Start of COLLECTED DATA

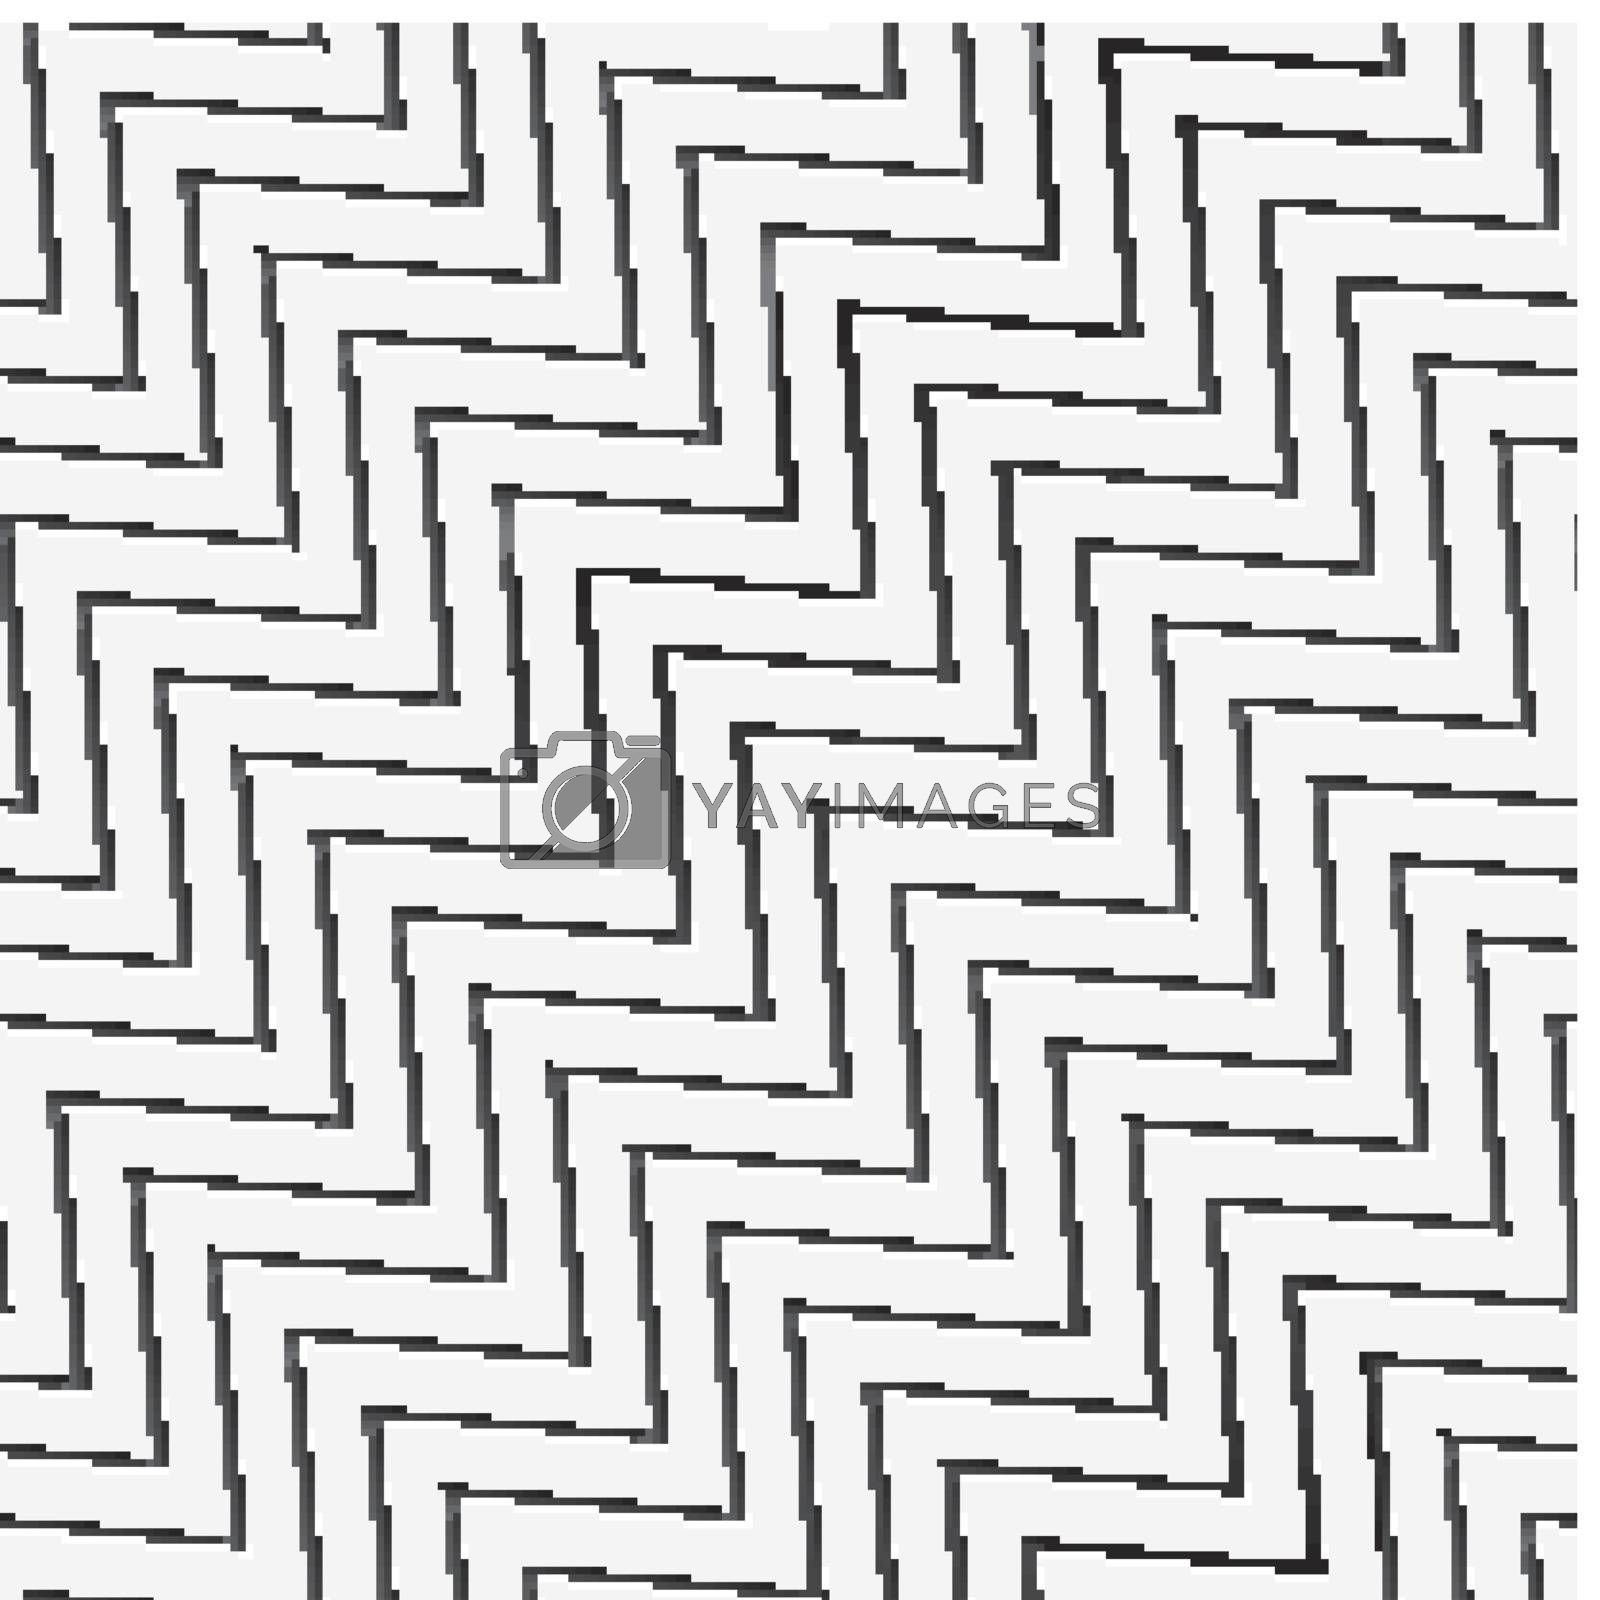 Seamless zigzag wide with long shadow by Zebra-Finch
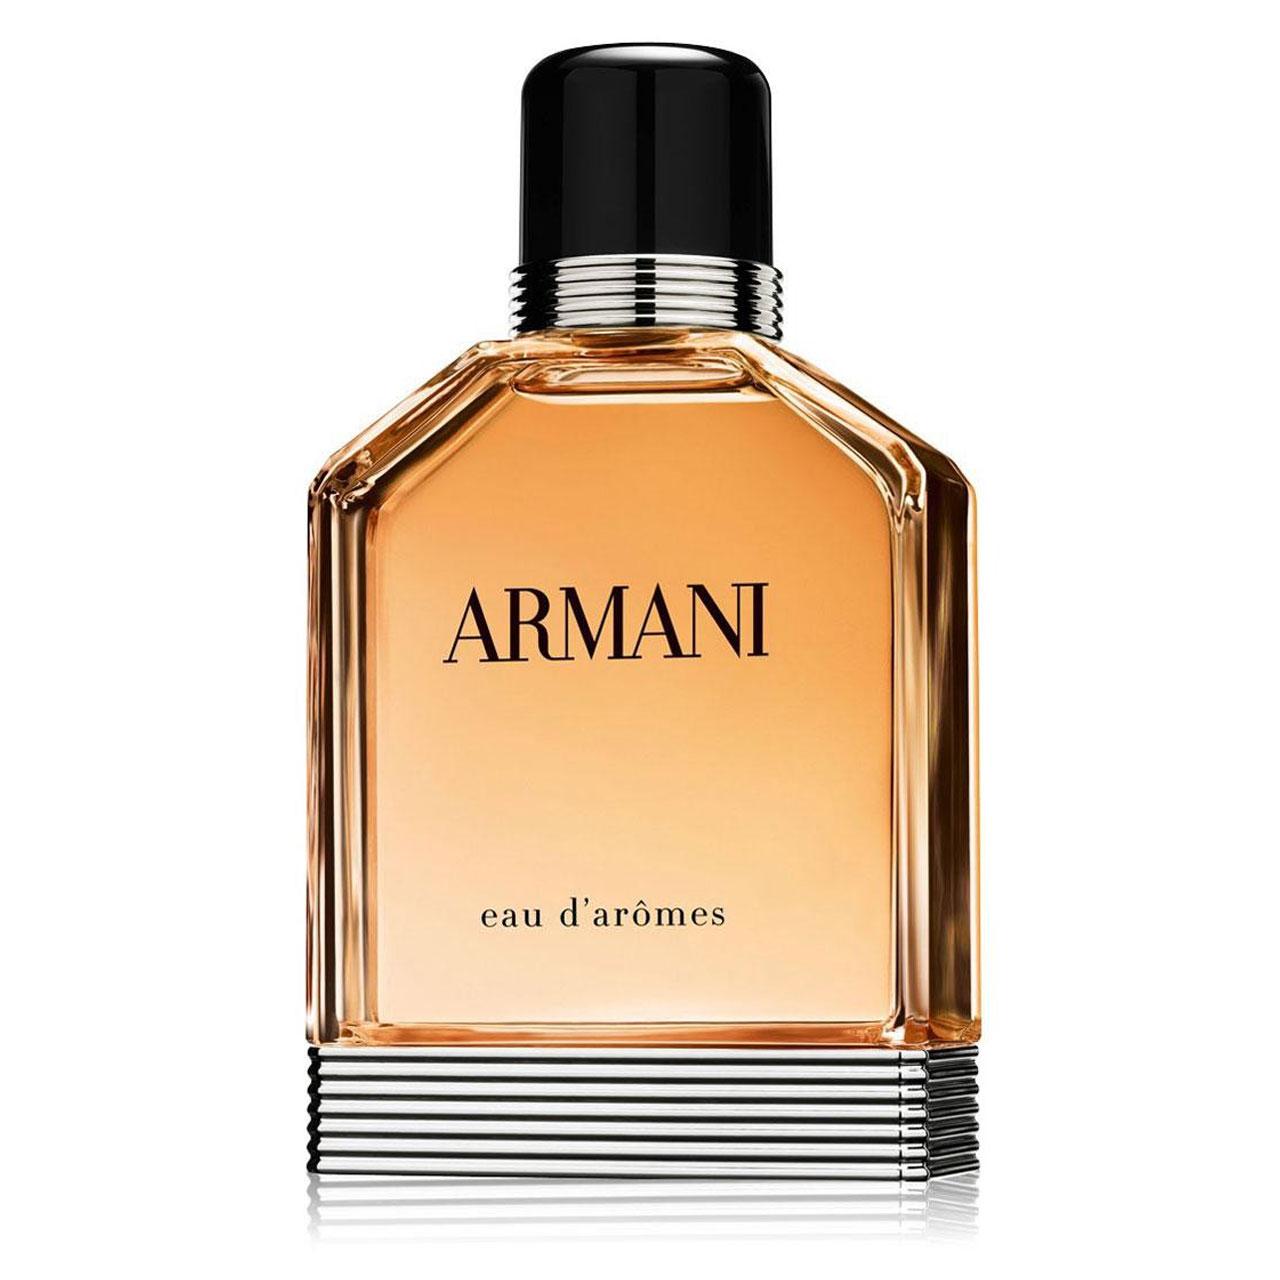 ادوتویلت مردانه جورجیو آرمانی مدل Eau d aromes حجم 50 میلی لیتر
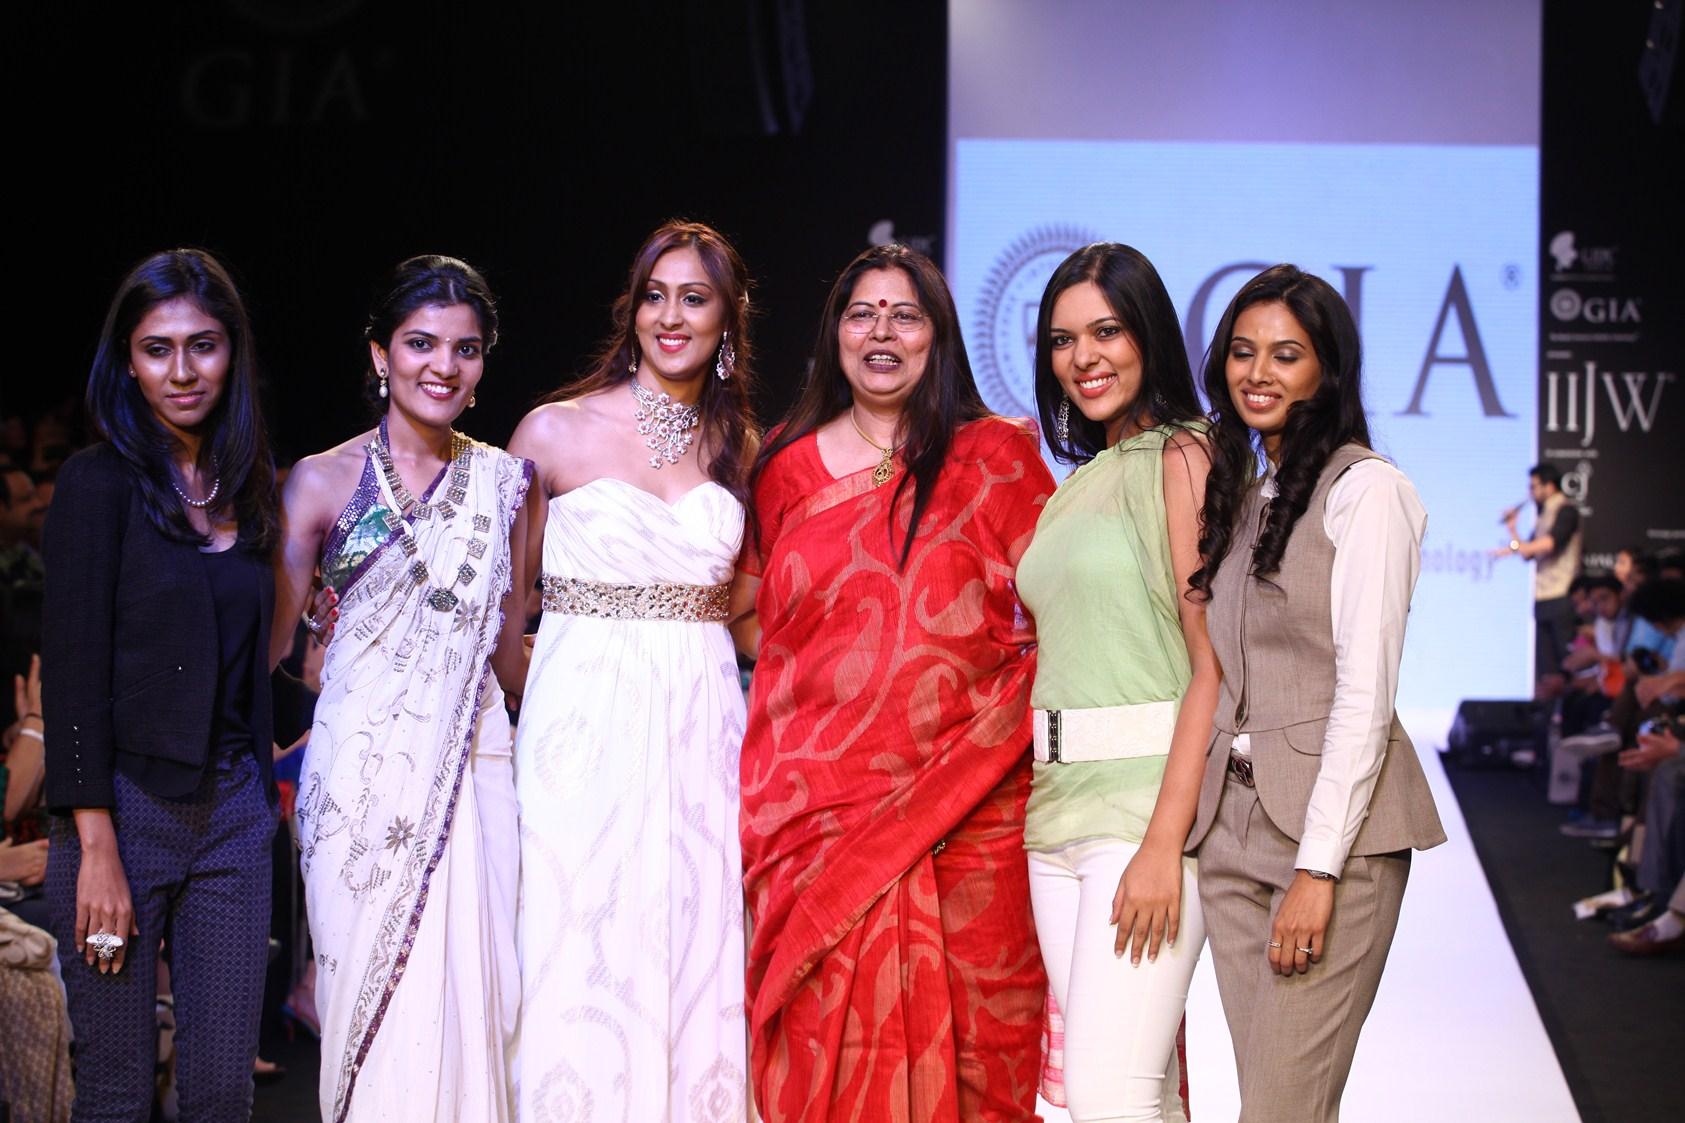 Garima Dixit, Bhumika Selvadia, Nikki Arora, Nirupa Bhatt, Shraddha Agarwal, Jayshree Thakur

End of COLLECTED DATA

### YOUR GOAL
The full listing, transcribed exactly and without its pictures, is the expected result.

### EXERCISE ANSWER
 Seamless zigzag wide with long shadow by Zebra-Finch
 ادوتویلت مردانه جورجیو آرمانی مدل Eau d aromes حجم 50 میلی لیتر
 Garima Dixit, Bhumika Selvadia, Nikki Arora, Nirupa Bhatt, Shraddha Agarwal, Jayshree Thakur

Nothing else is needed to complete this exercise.